1. Data Activator monitors Eventstream
2. Azure Monitor queries KQL database every 5 min
3. If Data Activator fails, Azure Monitor catches issues
4. Both send to same Teams channel with source tag
"""
3. Monitor the Monitor
# Track Data Activator health
def check_data_activator_health(workspace_id: str) -> dict:
"""Check health of Data Activator triggers."""
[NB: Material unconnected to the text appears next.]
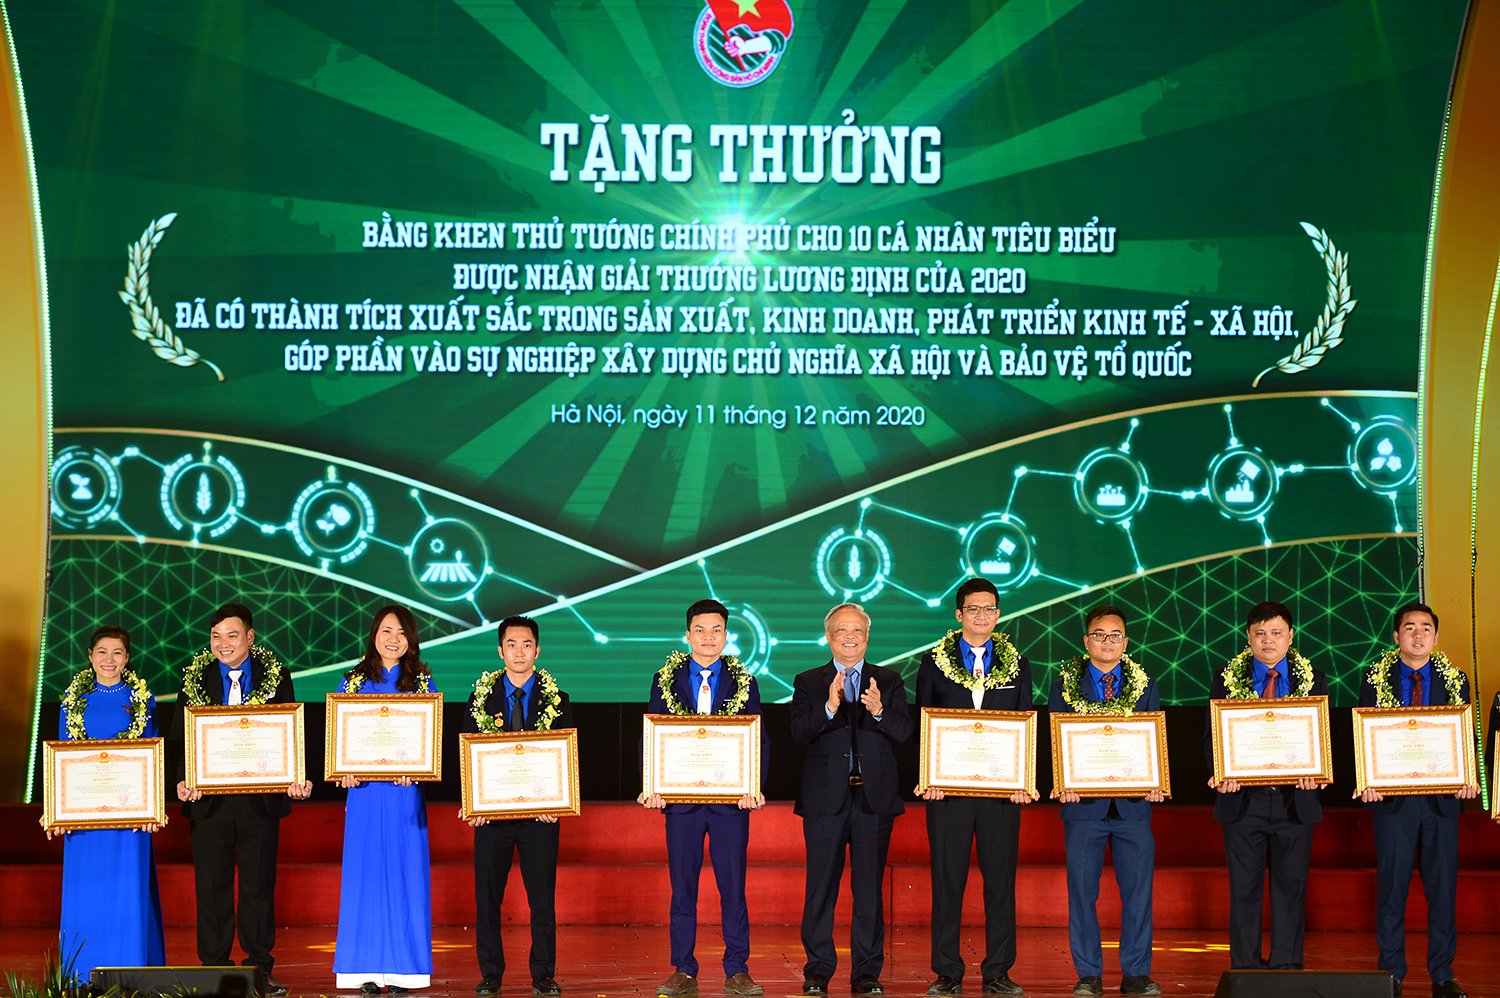 Chị Hiền (đứng thứ 3 từ trái sang) vinh dự là 1 trong 10 gương mặt thanh niên nông thôn xuất sắc nhất năm 2020 được nhận bằng khen của Thủ tướng Chính phủ.

triggers = get_all_triggers(workspace_id)
health_report = {
"total_triggers": len(triggers),
"active_triggers": 0,
"failed_triggers": 0,
"issues": []
}
for trigger in triggers:
status = get_trigger_status(trigger["id"])
if status["state"] == "Active":
health_report["active_triggers"] += 1
elif status["state"] == "Failed":
health_report["failed_triggers"] += 1
health_report["issues"].append({
"trigger": trigger["name"],
"error": status["error"]
})
return health_report
Roadmap Expectations
Based on Microsoft announcements and community signals:
| Feature | Expected Timeline |
|---|---|
| Webhook actions | Q1 2024 |
| Azure Functions integration | Q2 2024 |
| Trigger templates | Q2 2024 |
| Cross-workspace sources | Q2 2024 |
| GA release | H2 2024 |
Conclusion
Data Activator preview offers powerful event-driven capabilities but requires careful planning:
- Use for non-critical scenarios during preview
- Build redundancy for important alerts
- Document everything for GA migration
- Provide feedback to shape the product
- Plan for scale even if starting small
The preview is an excellent time to learn and experiment. Build your expertise now to be ready when GA arrives.